#### [BRIEF]
All the lines below should be set down exactly, with no picture carried into the copy.

--- SUPPLIED INFORMATION Enclosed Below ---

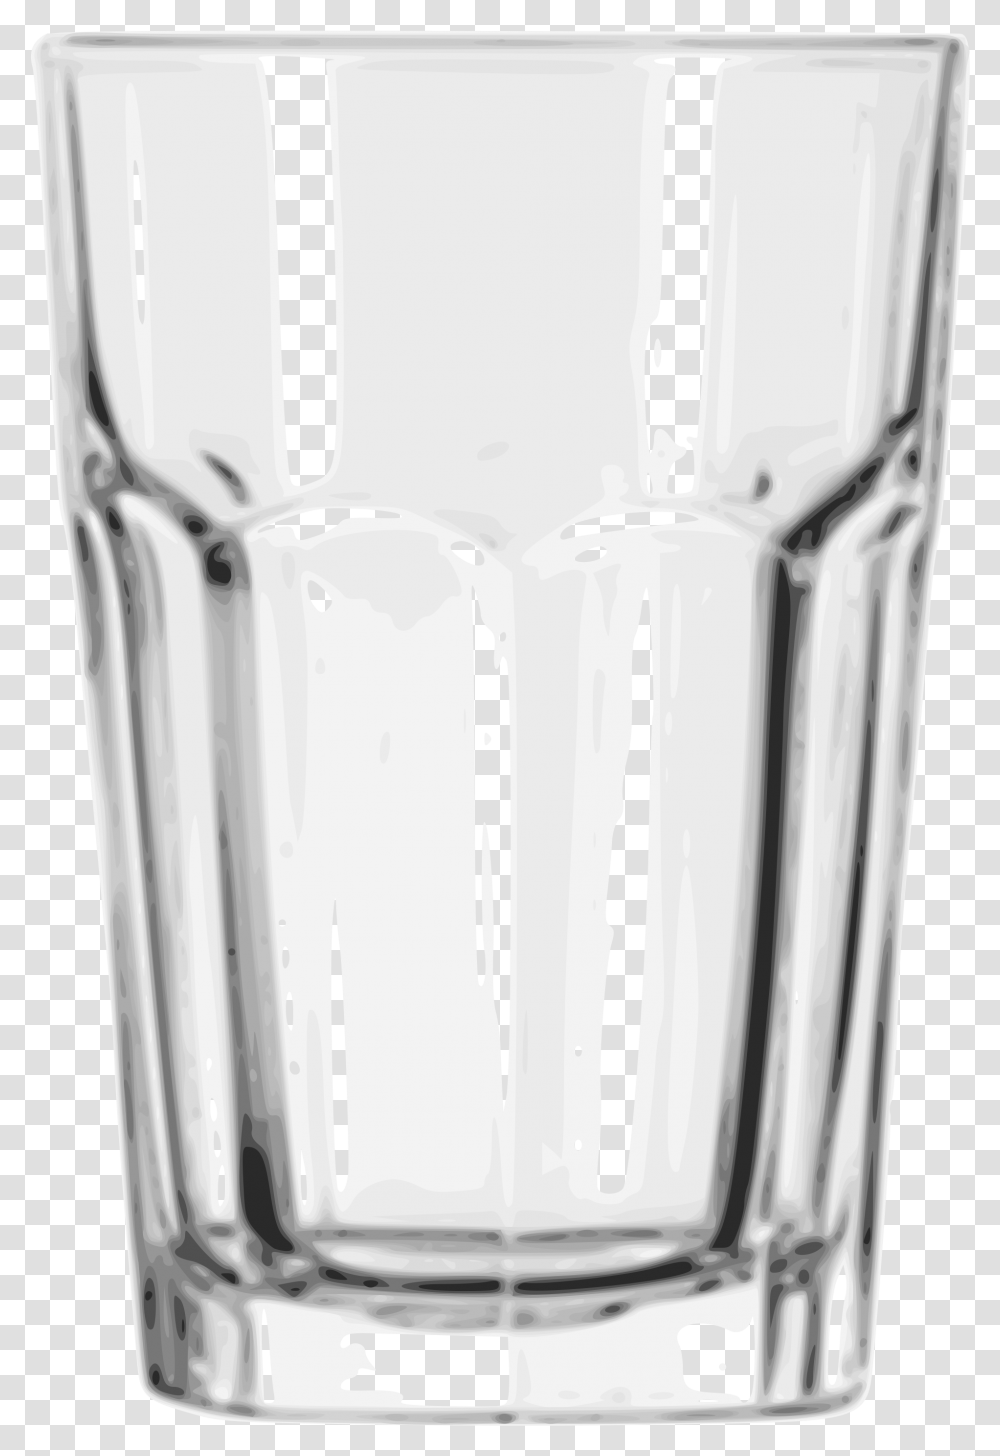 Beverage Glass Tumbler, Shaker, Bottle, Beer Glass, Alcohol Transparent Png
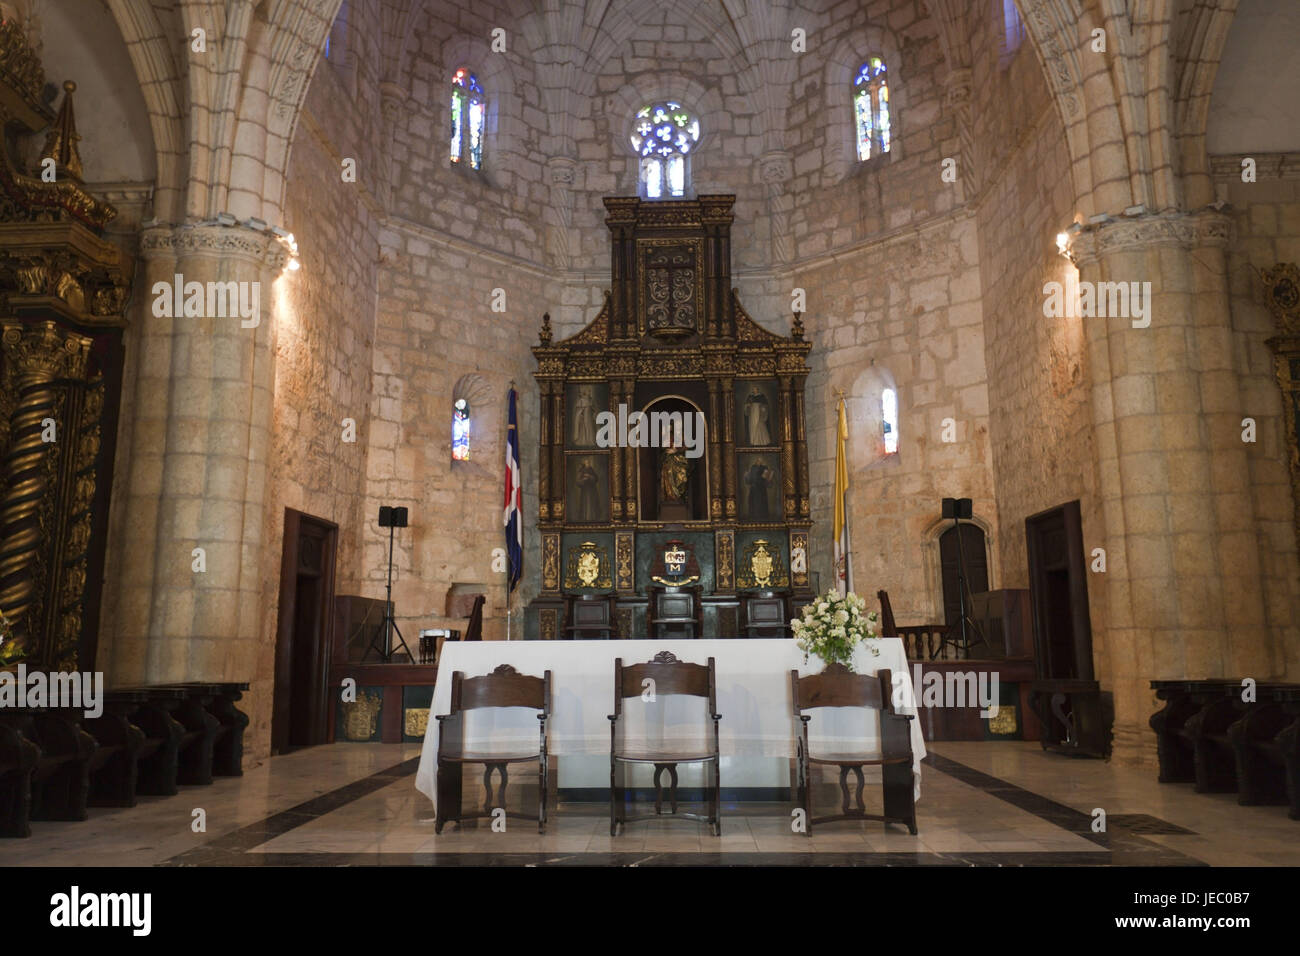 Interior view of the cathedral Santa Maria la Menor, Santo Domingo, the Dominican Republic, Stock Photo
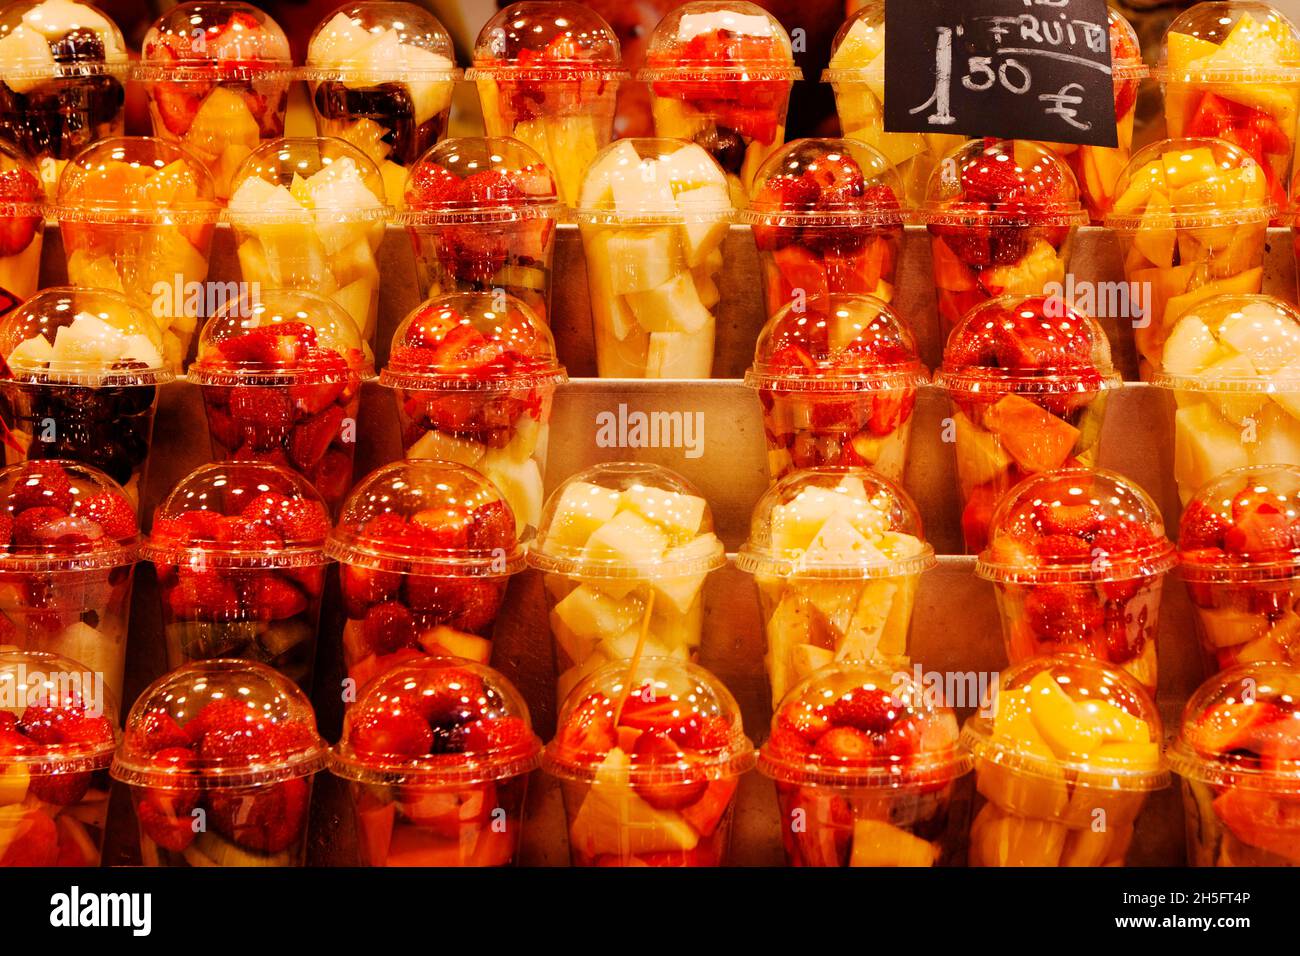 Obst (Erdbeeren, Ananas, Äpfel und Brombeeren) in kleinen Stücken, mundgerecht, abgefüllt in Plastikbecher To Go, auf einem Markt in Barcelona. Stock Photo

--- End of Enclosed SUPPLIED INFORMATION ---

#### [OUTPUT FOR THIS EXERCISE]
 Beverage Glass Tumbler, Shaker, Bottle, Beer Glass, Alcohol Transparent Png
 Interior view of the cathedral Santa Maria la Menor, Santo Domingo, the Dominican Republic, Stock Photo
 Obst (Erdbeeren, Ananas, Äpfel und Brombeeren) in kleinen Stücken, mundgerecht, abgefüllt in Plastikbecher To Go, auf einem Markt in Barcelona. Stock Photo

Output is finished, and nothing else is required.